Бакинские промыслы такого пожара не пережили, но словно невидимым огнем выжжена была там жизнь. Конусовидные обшитые досками мачты стояли по-прежнему густо, но то была мертвая густота погибшего леса. Не скрипели блоки, не кричали верховые рабочие, безмолвствовала узкоколейка. Между вышками по песку катались неспешными зигзагами крупные крысы. Лужи нефти давно затвердели и растрескались.
Губкину нашли лошадь, он верхом объезжал поселки. Бараки, когда-то кишевшие народом, смрадные, шумные, горланившие песни, изрыгавшие кашель, теперь пустовали; обитатели удрали в среднерусские губернии. Нары были непривычно голы, пыльны; немало их растащили зимой на растопку. Кой-где в глиняных хижинах жили азербайджанские семьи. Иван Михайлович подъезжал, слезал с лошади, расспрашивал, давно ли бросили работу.
Воду на промыслы не привозили. Не хватало ее и в городе; возле цирка, единственного зрелищного дома, мальчишки продавали ее в кувшинах по двадцать рублей стакан. Серебровский предупредил: не пить! Черпают в канавах, а там черт знает что… В городе холера. «Бакинский рабочий» время от времени сообщал: «Зарегистрировано 8 больных. Всего с начала эпидемии 887 (на 24 мая 1921 г.). Из них умерло 380».
От огня бакинские промыслы, к счастью, уберегли; но пожар случился в здании геологического бюро; сгорел архив.
Еще один удар! Пропали карты, стратиграфические колонки, профили, отчеты… Геологические изыскания, ведшиеся до революции бессистемно, насчитывали все же многолетнюю историю, и, приведя в порядок документы, можно было составить номенклатуру пластов, без чего немыслима правильная эксплуатация. Прежнюю геологию покойный инженер Ушейкин в насмешку называл «горизонтальной» (то есть крайне невежественной: человек, хоть немного знакомый с законами тектоники, понимает, что горизонтальной геологии быть не может. Ушейкин смеялся: нефтепромышленник вел бурение на ту же глубину, что и его конкурент на соседнем участке, но скважина или не доходила до искомого пласта, если была заложена по его падению или протыкала пласт). Выражение это очень нравилось Губкину, он его частенько повторял.
Ушейкин умер от тифа. Друзья, разбирая его письменный стол, нашли груду тетрадей, блокнотов, незаконченных рукописей, содержащих ценные сведения. Все это перенесли в здание бюро, и ушейкинский архив дал начало громадному архиву Азнефти, ныне одному из самых образцовых в стране.

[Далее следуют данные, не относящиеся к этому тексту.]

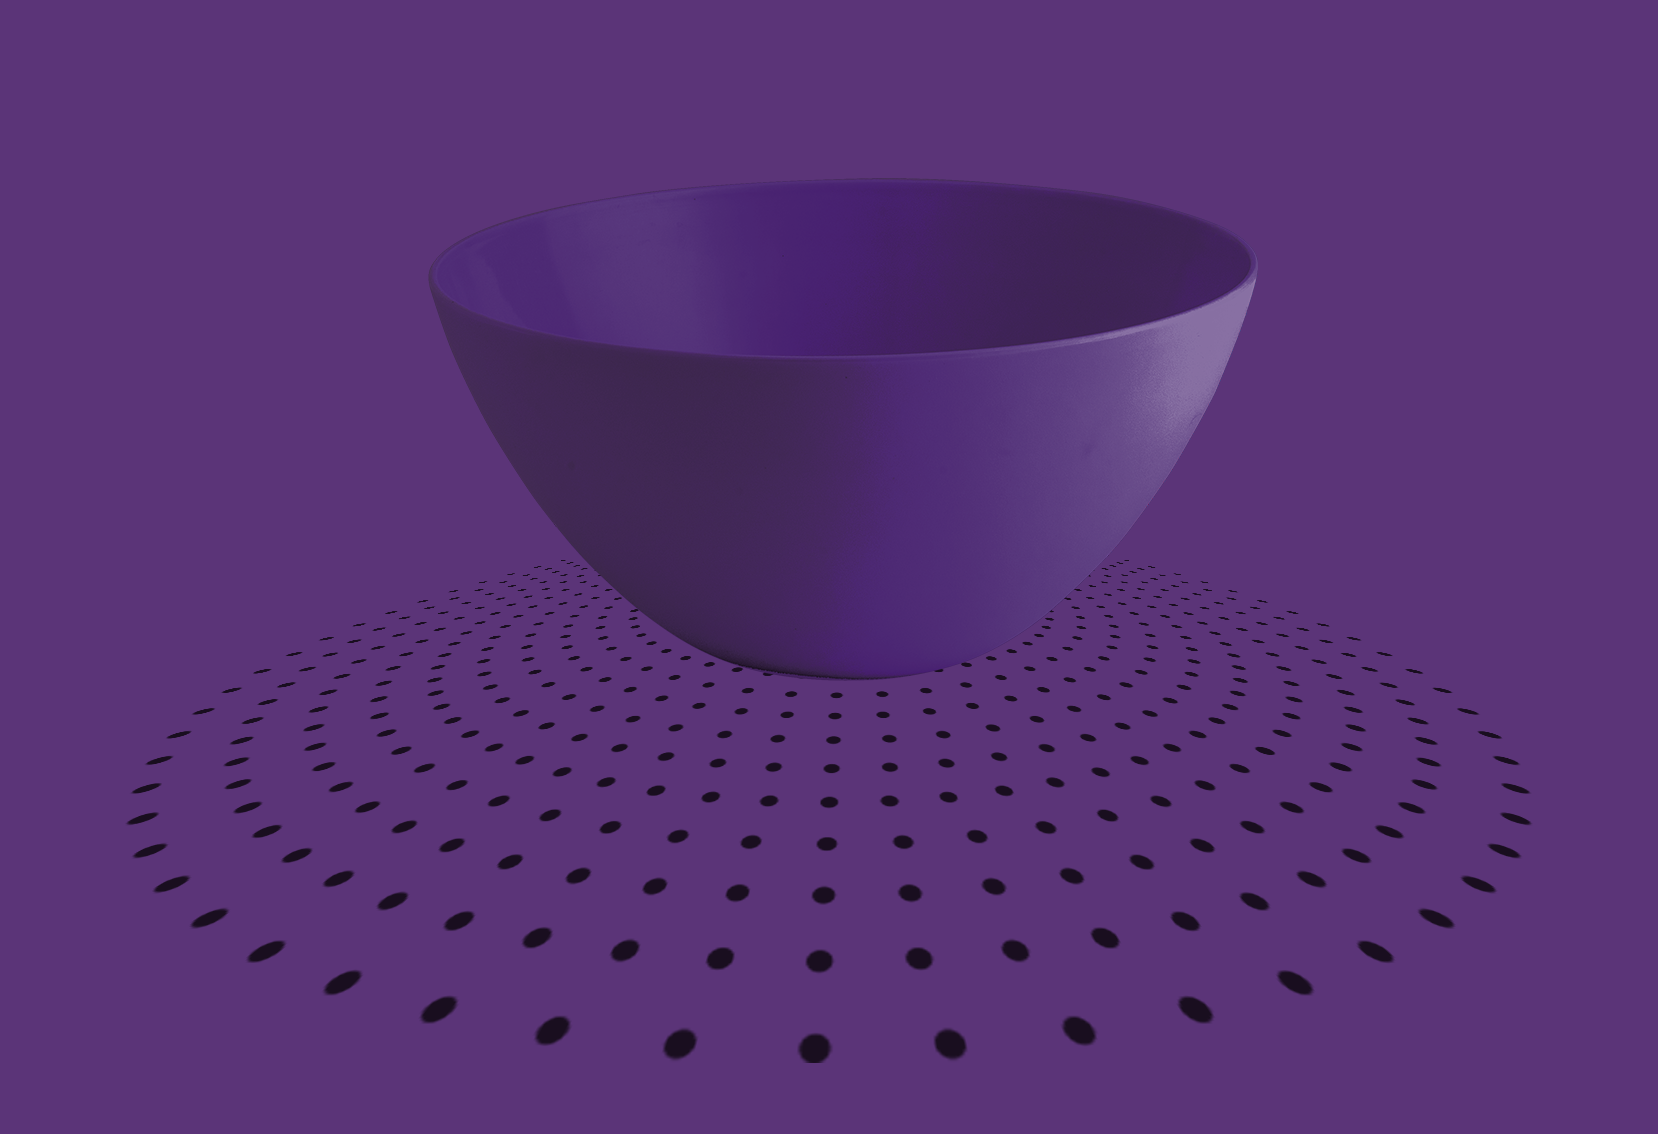 PatternPurple

(В это же время Губкин узнал о смерти — тоже от тифа — Сняткова, милого скромного человека, специалиста по углю, с которым вместе ездил в Америку. И вместе трудной дорогой, мучительно пытаясь угадать, что ожидает их там, пересаживаясь с парохода на пароход, возвращались на родину… Тиф унес С.А. Бубнова, опытного горняка, много сделавшего для разведки Курской магнитной аномалии, и В.С. Морозова, сопровождавшего Ивана Михайловича в кавказских маршрутах еще до революции. Иван Михайлович возлагал на него большие надежды, верил в его талант.)
Серебровский еще об одном предупредил: зря по городу не шатайся, постреливают… Как можно было удержаться? Губкин поднимался к армянскому кладбищу, оттуда открывался вид на бухту, на море; солнечные лучи посверкивали на волнах, и глаза Ивана Михайловича под очками слезились. Он выходил за ограду, присаживался на минутку в тени каштана. С разных точек вода в бухте кажется то более синей, то менее; зеленые гряды водорослей то пропадают, то появляются.